The U.S.–China relationship continues to be plagued by multiple enduring challenges across numerous domains.[REF] These challenges include (among others) rampant intellectual property theft, unprecedented cyberattacks, military coercion of U.S. allies and partners, threats to freedom of navigation, efforts to undermine the United States at multilateral institutions, unfair trading practices, a rapidly expanding nuclear arsenal, the use of critical minerals for economic coercion, the purchases of land near strategically sensitive sites in the United States, and the operation of secret police stations in the United States.[REF] The Trump Administration has confronted China on some of these challenges but generally has pursued a less contentious relationship with Beijing since April 2025, when it unveiled restrictions on critical mineral exports.[REF]

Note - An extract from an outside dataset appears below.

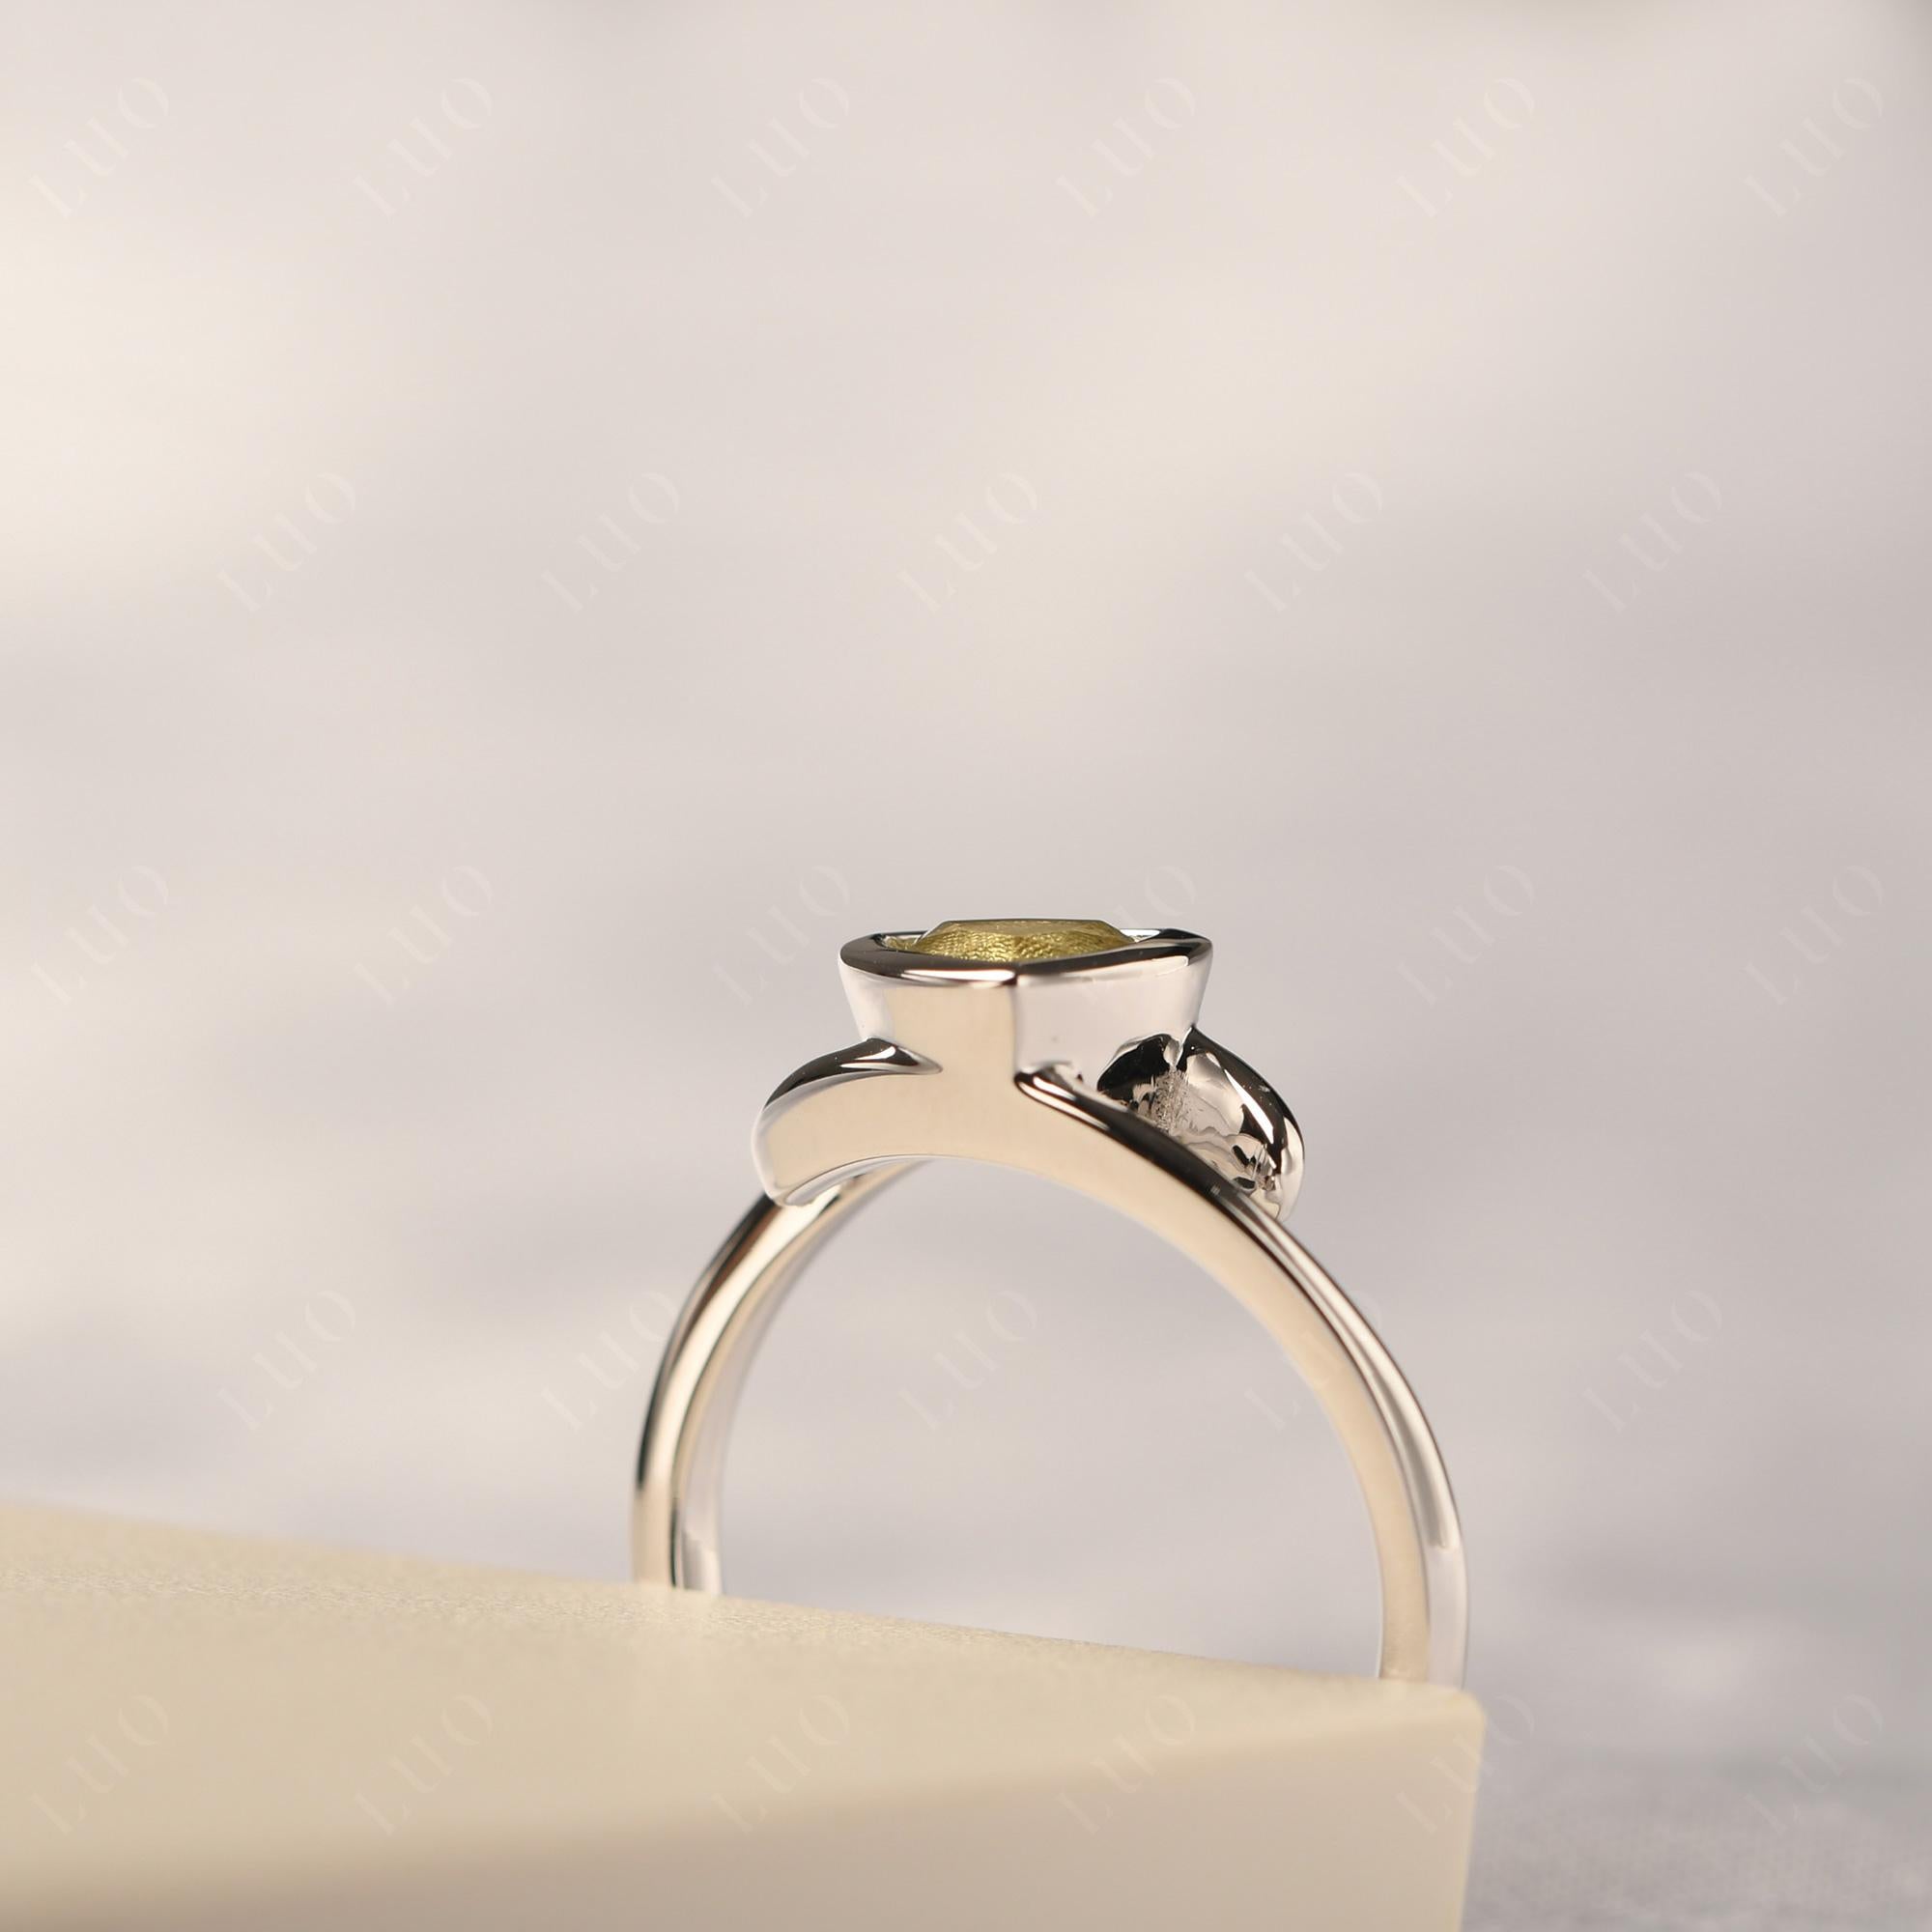 Lemon Quartz Bezel Set Bypass Solitaire Ring - LUO Jewelry

Relative to their predecessors, the 2025 National Security Strategy and 2026 National Defense Strategy strike a more conciliatory tone toward China while still containing robust commitments to defend U.S. interests. Specifically:
- The National Security Strategy aspires to “rebalance America’s economic relationship with China, prioritizing reciprocity and fairness to restore American economic independence.”[REF] While the document is often at pains to avoid naming China, it also pledges to “build a military capable of denying aggression anywhere in the First Island Chain” and “deny any attempt to seize Taiwan or achieve a balance of power of forces so unfavorable to us as to make defending that island impossible.”[REF] This leaves few doubts about the intended target. It further commits to ending a range of offenses that emanate uniquely from China, from “grand scale intellectual property theft and industrial espionage” to fentanyl, foreign influence operations, and threats against critical mineral supply chains.[REF]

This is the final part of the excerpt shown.